Emblème de la contre-culture post-68, la bande dessinée de Gébé du magazine Politique Hebdo (ancêtre de Hara-Kiri et Charlie Hebdo) « L'An 01 » marque toute une génération. Elle sera adaptée en film (avec Coluche, Miou-Miou, Depardieu) et sort en salle en 1973.

Emblématique aussi, les luttes sur le plateau du Larzac contre l'extension d'un terrain militaire qui dureront de 1971 jusqu'en 1981 et qu'annulera le président nouvellement élu, François Mitterrand.

En 1972 paraît aussi le rapport Meadows (des chercheurs du MIT-Massachusetts Institute of Technology) qui s'intitule « The limits of growth » (les limites de la croissance), ouvrage commandé par le Club de Rome qui réunit scientifiques, industriels et hauts fonctionnaires. Pour éviter un effondrement global, la seule solution est d'organiser une économie sans croissance. Traduit en 37 langues, l'alerte du rapport reste lettre morte.

Le développement de la voiture individuelle commence à polluer les espaces urbains que le choc pétrolier de 1973 a interrogé. A sa suite, le plan Messmer engage la France sur le terrain nucléaire avec le choix de la construction de 58 réacteurs (Bugey, Fessenheim, Golfech, Plogoff) qui rencontre une forte opposition et des manifestations importantes comme contre le projet du surgénérateur Superphénix de Creys-Malville. S'opposer au nucléaire, c'est rejeter le capitalisme et la société de consommation. En 1981, ces mobilisations ont abouti dans un premier temps à l'abandon du projet de la centrale nucléaire de Plogoff (Bretagne) et de la non-mise en service de Superphénix.

 

Le tourisme de masse fut tout autant dénoncé avec le parc de la Vanoise et de la bétonisation des stations balnéaires du Grau-du-Roi, du Cap d'Agde et de La Grande-Motte.

« Je bois devant vous un verre d'eau, précieuse, puisque avant la fin du siècle, elle manquera » avertit René Dumont à la télévision, cet ingénieur agronome qui marque l'élection Présidentielle de 1974., tout comme son livre « L'Utopie ou la Mort ».

Dans les années 80, la baisse des prix du pétrole met à distance le problème de la rareté des ressources qui ne sont pourtant pas illimitées.
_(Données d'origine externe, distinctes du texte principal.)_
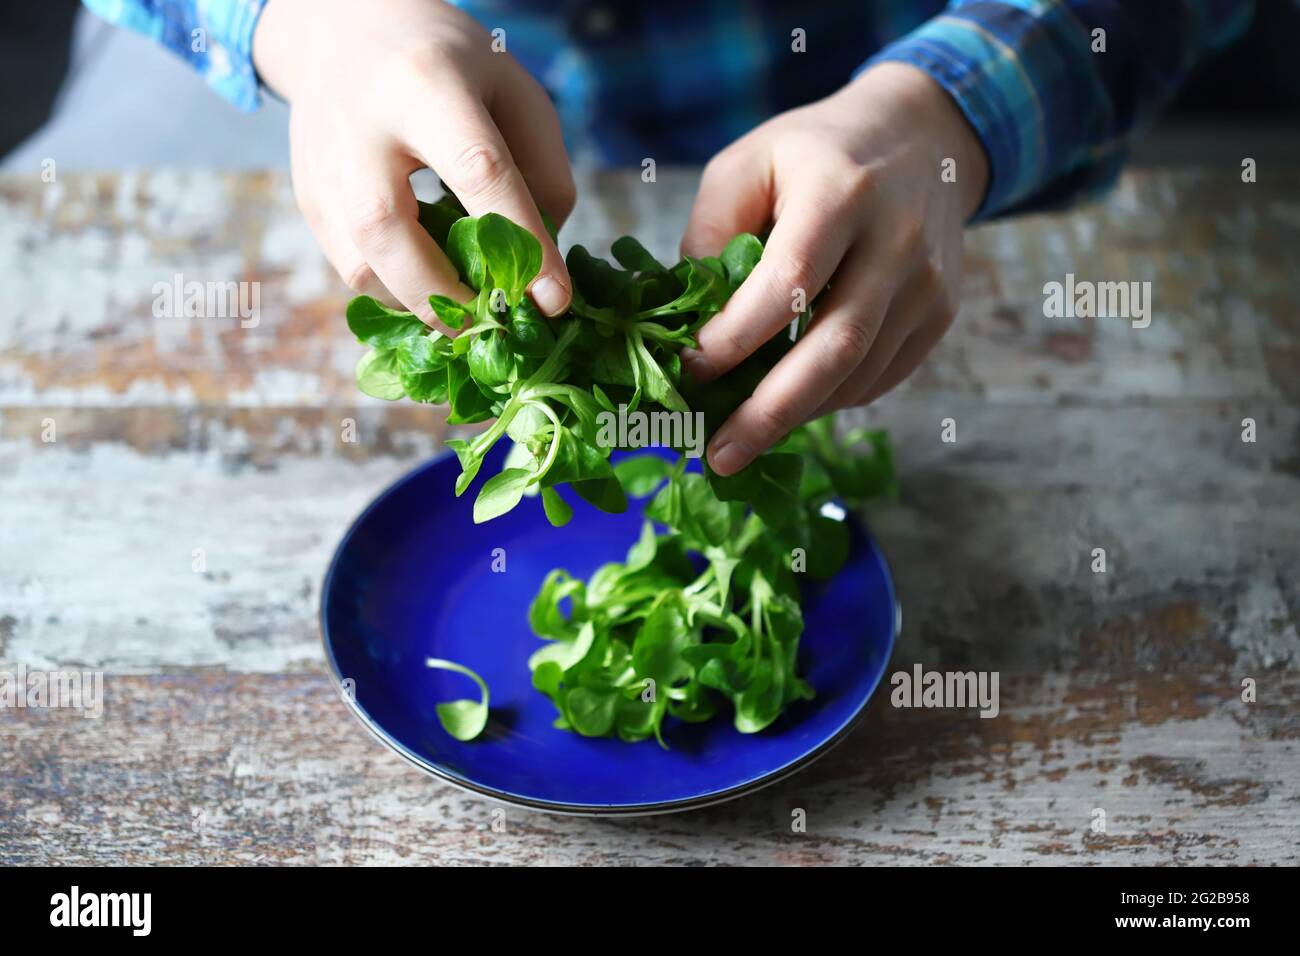 Les mains des hommes tiennent une salade verte. Concept d'alimentation saine. Écrasez la salade dans une assiette bleue. Banque D'Images

La pensée néo-libérale imprègne l'espace public.

En 2002 apparaît Pierre Rabhi, ancien ouvrier devenu spécialiste de l'agroécologie qui se présente à l'élection Présidentielle, mais il n'obtiendra pas les 500 signatures de maires pour aller jusqu'au scrutin. Ces années-là, on voit ici des mouvements qui s'attaquent au pilier du consumérisme : la publicité.

L'Institut Momentum de Yves Cochet et Pablo Servigné développent la collapsologie dans leur essai « Comment tout peut s'effondrer ». Développement durable, mot d'ordre, va voir la création de pas mal de publications comme Le Sauvage, Silence, l'Age de Faire.
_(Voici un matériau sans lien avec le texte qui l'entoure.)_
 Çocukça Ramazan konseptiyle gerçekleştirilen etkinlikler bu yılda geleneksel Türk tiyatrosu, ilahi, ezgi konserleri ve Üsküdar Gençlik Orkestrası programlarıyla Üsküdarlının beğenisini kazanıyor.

« Ni ici, ni ailleurs » initie de nombreux combats contre des projets d'aménagement contraires à l'intérêt général (extension d'aéroports, centres commerciaux démesurés, sites d'extraction, ferme à mille vaches, Notre Dame des Landes, barrage de Sivens, montagne d'or en Guyane, Europa City, mégabassines, …) qui aboutissent parfois à mettre un coup d'arrêt à la logique d'expansion.

 



Il est bon parfois de se souvenir d'où on vient, ce qu'on a traversé et qui explique qu'on n'a pas désarmé et qu'on s'inspire de toutes ces mobilisations, luttes et alertes des gens de notre génération et suivantes...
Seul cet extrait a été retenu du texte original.